**Task prompt:**
The output should contain the listing word for word and no pictures.

**Input data:**
^^^^
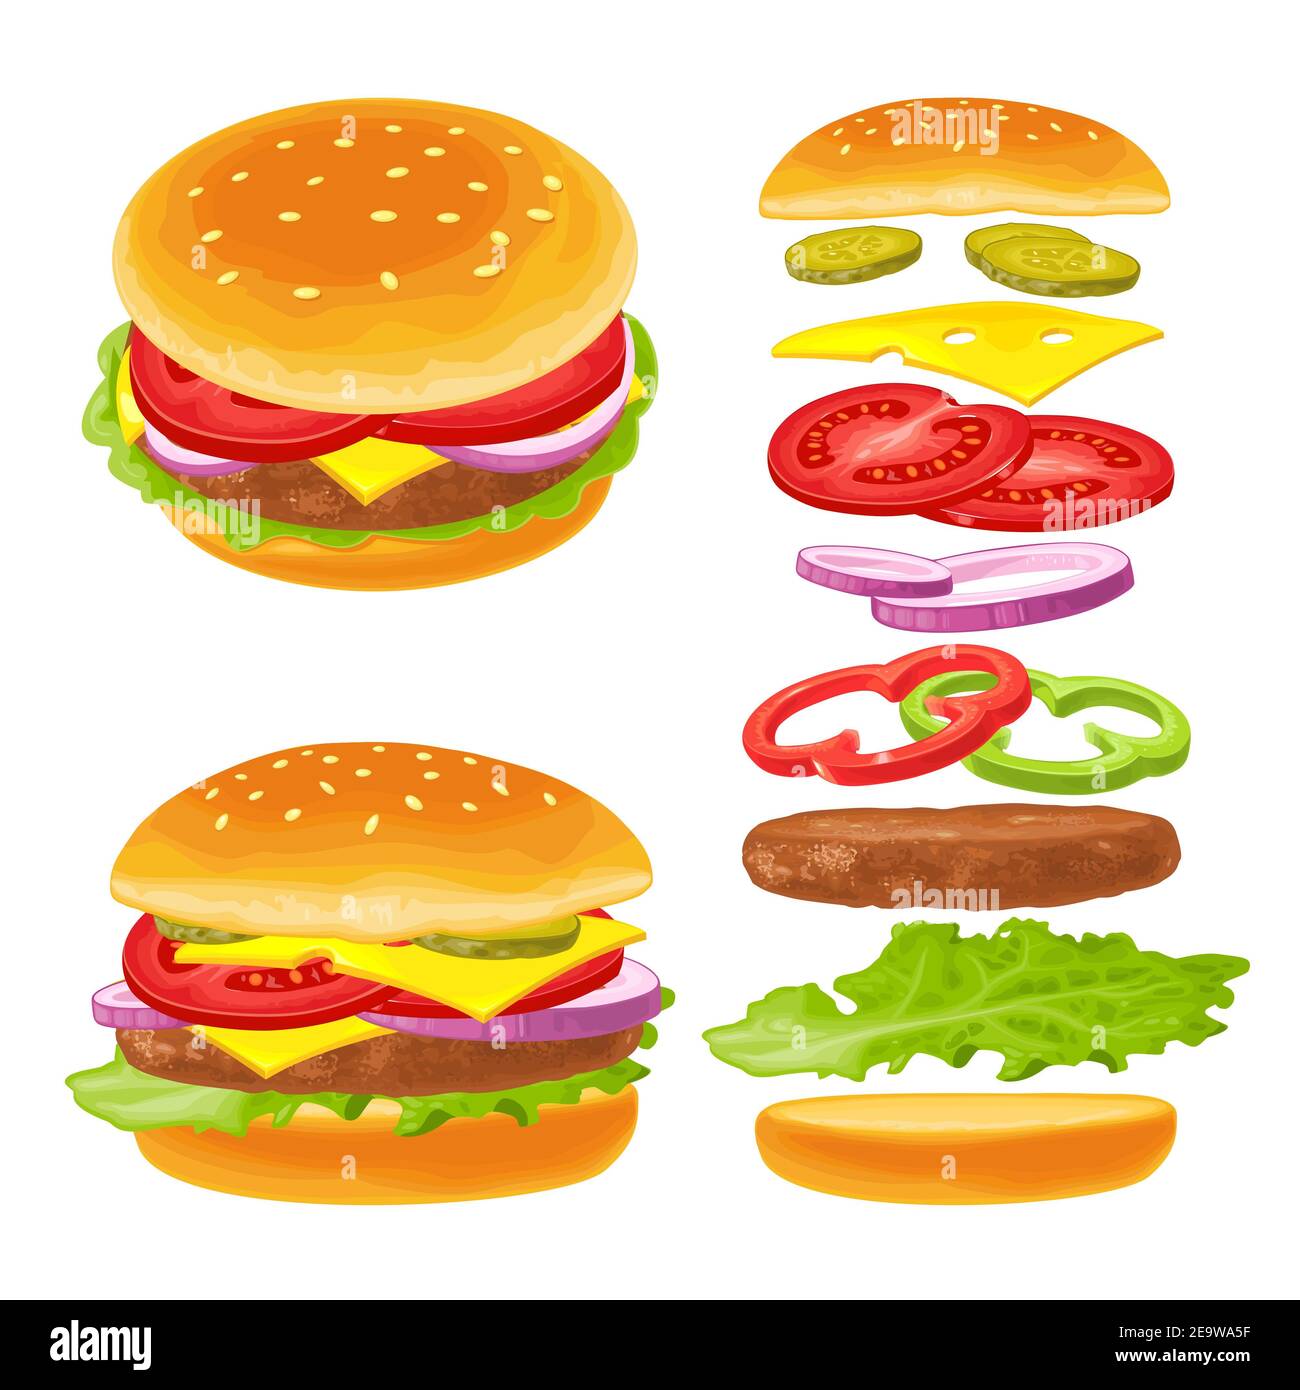 Le hamburger avec ingrédients volants comprend un pain, une tomate, une salade, du fromage, de l'oignon et du concombre. Illustration vectorielle couleur plate isolée sur fond blanc. Banque D'Images
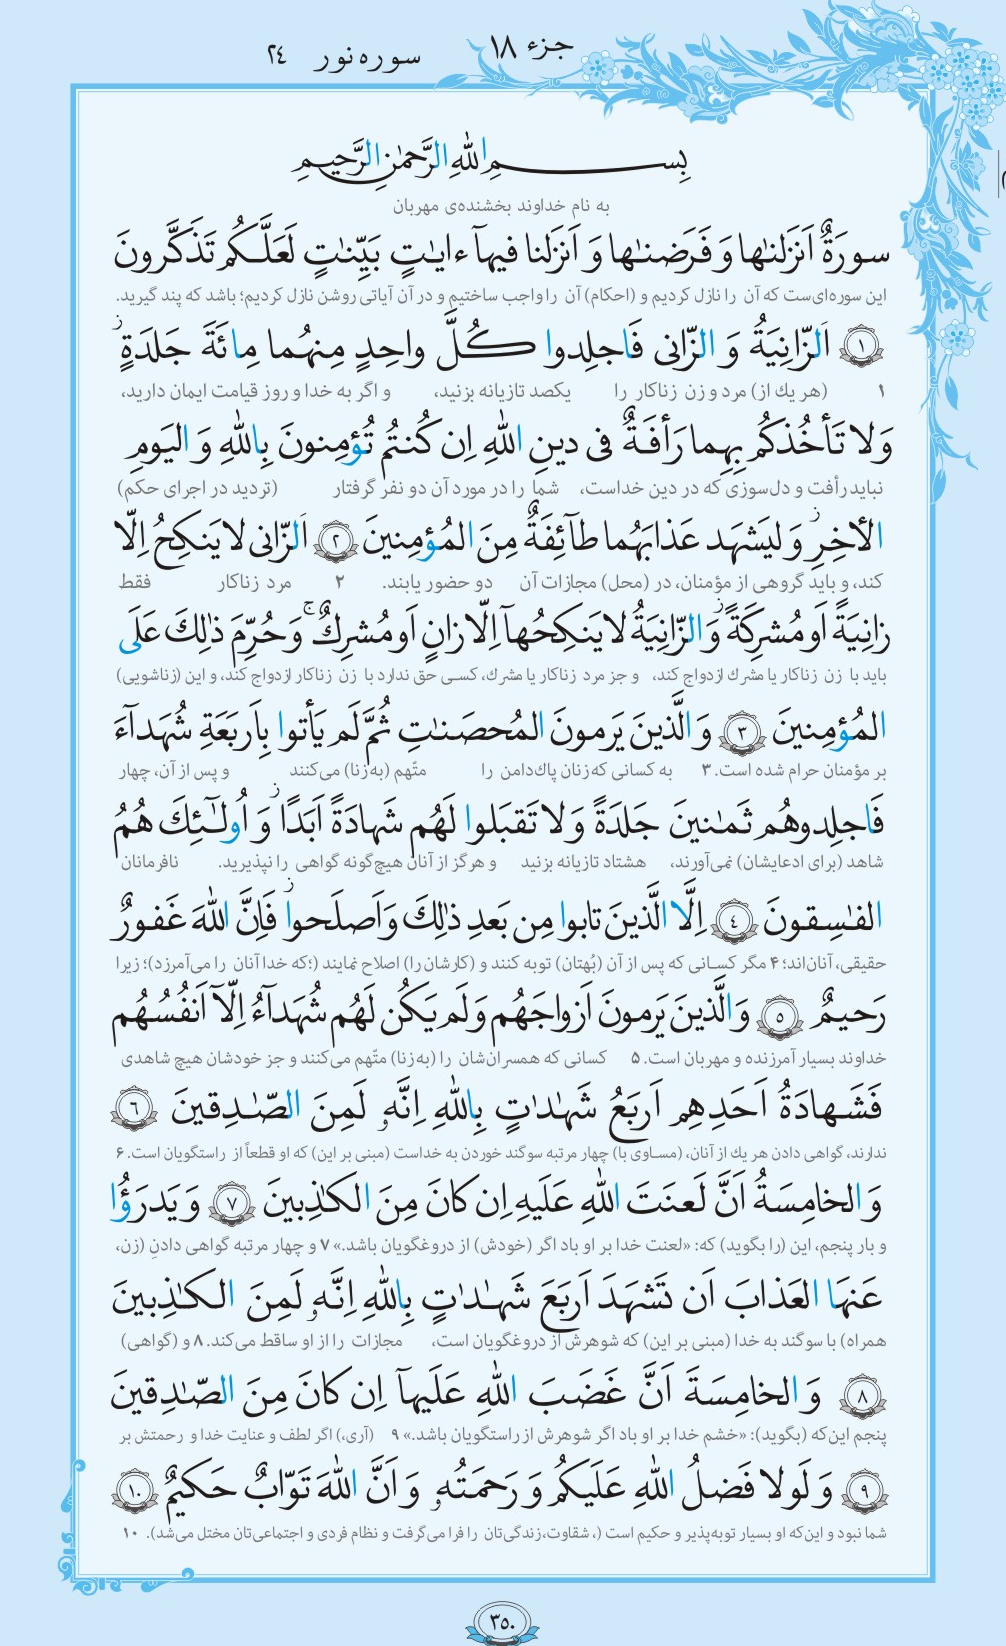 درباره پاکدامنی در صفحه 350 قرآن بخوانید + فیلم، متن و مفاهیم 2
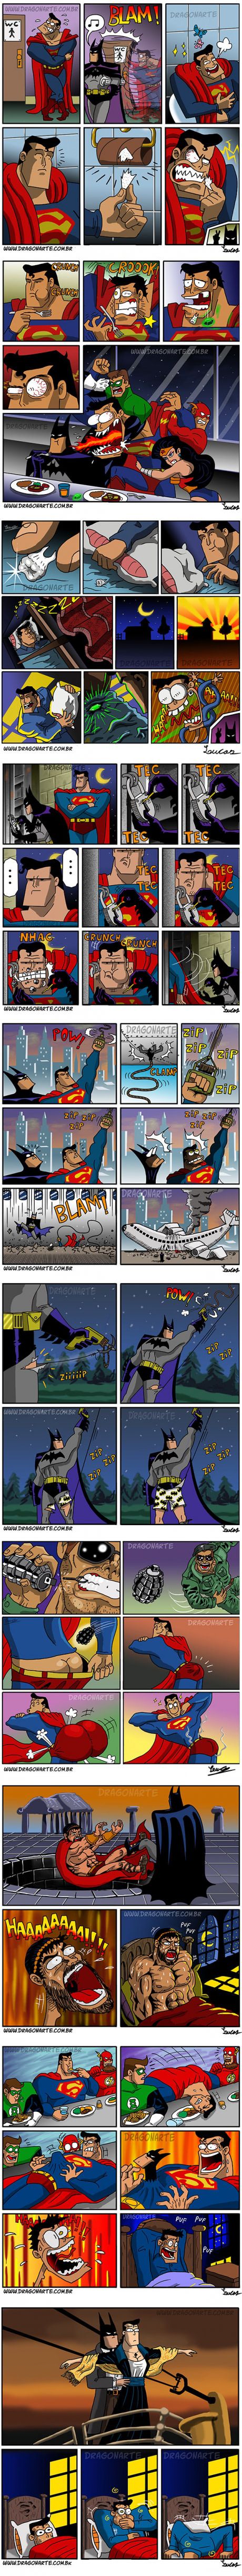 Bat Man & Super man
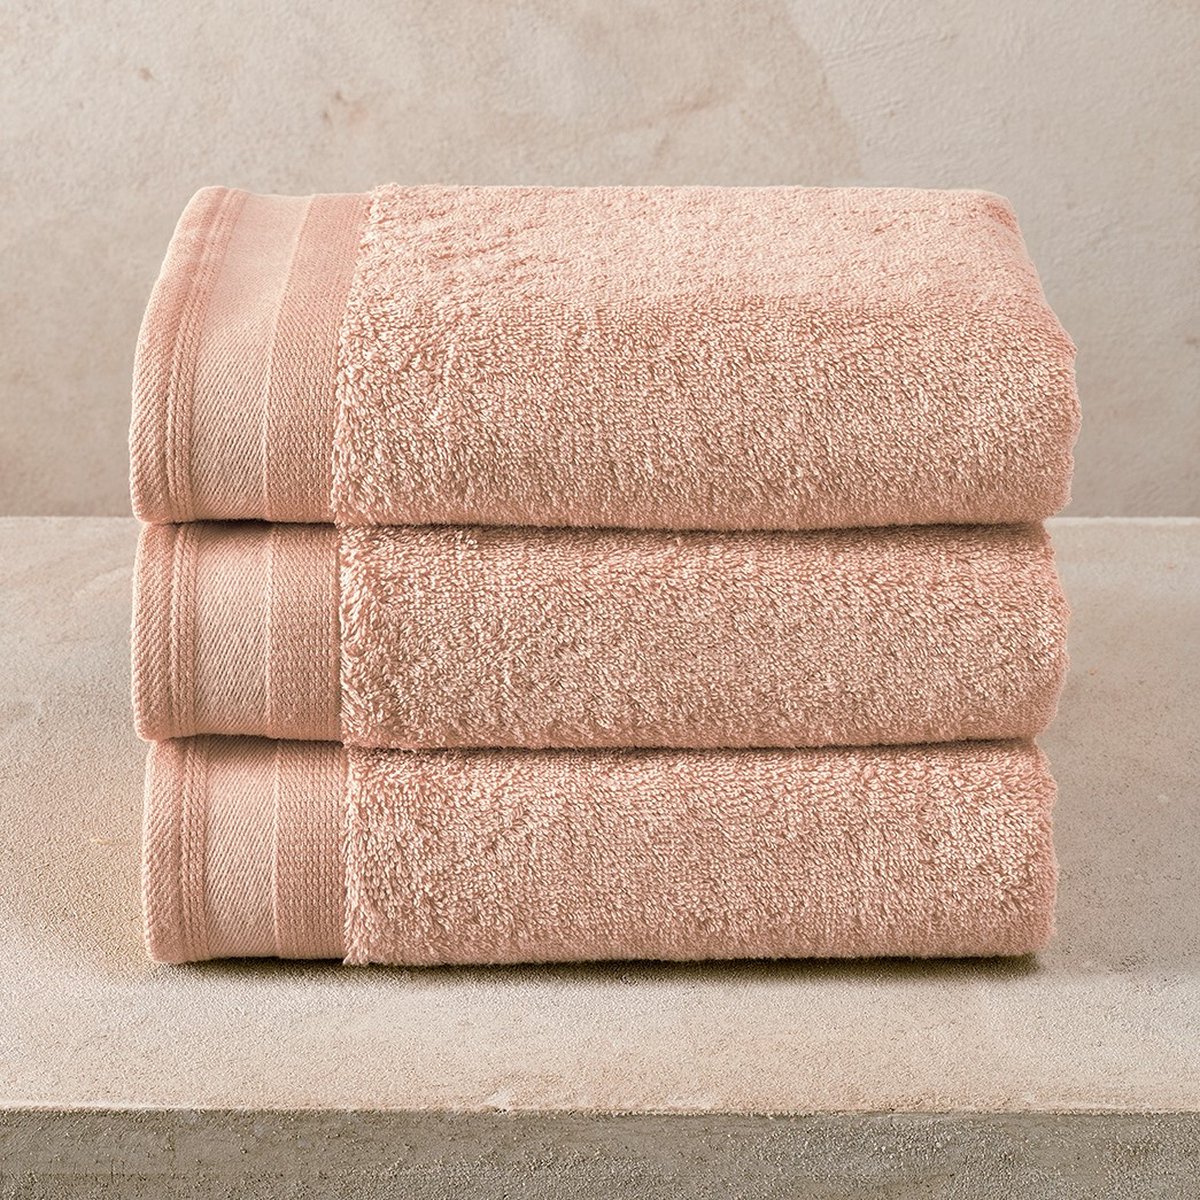 De Witte Lietaer excellence handdoek 50/100 kleur nude roze
^^^^
**Output below:**
 Le hamburger avec ingrédients volants comprend un pain, une tomate, une salade, du fromage, de l'oignon et du concombre. Illustration vectorielle couleur plate isolée sur fond blanc. Banque D'Images
 درباره پاکدامنی در صفحه 350 قرآن بخوانید + فیلم، متن و مفاهیم 2
 Bat Man & Super man
 De Witte Lietaer excellence handdoek 50/100 kleur nude roze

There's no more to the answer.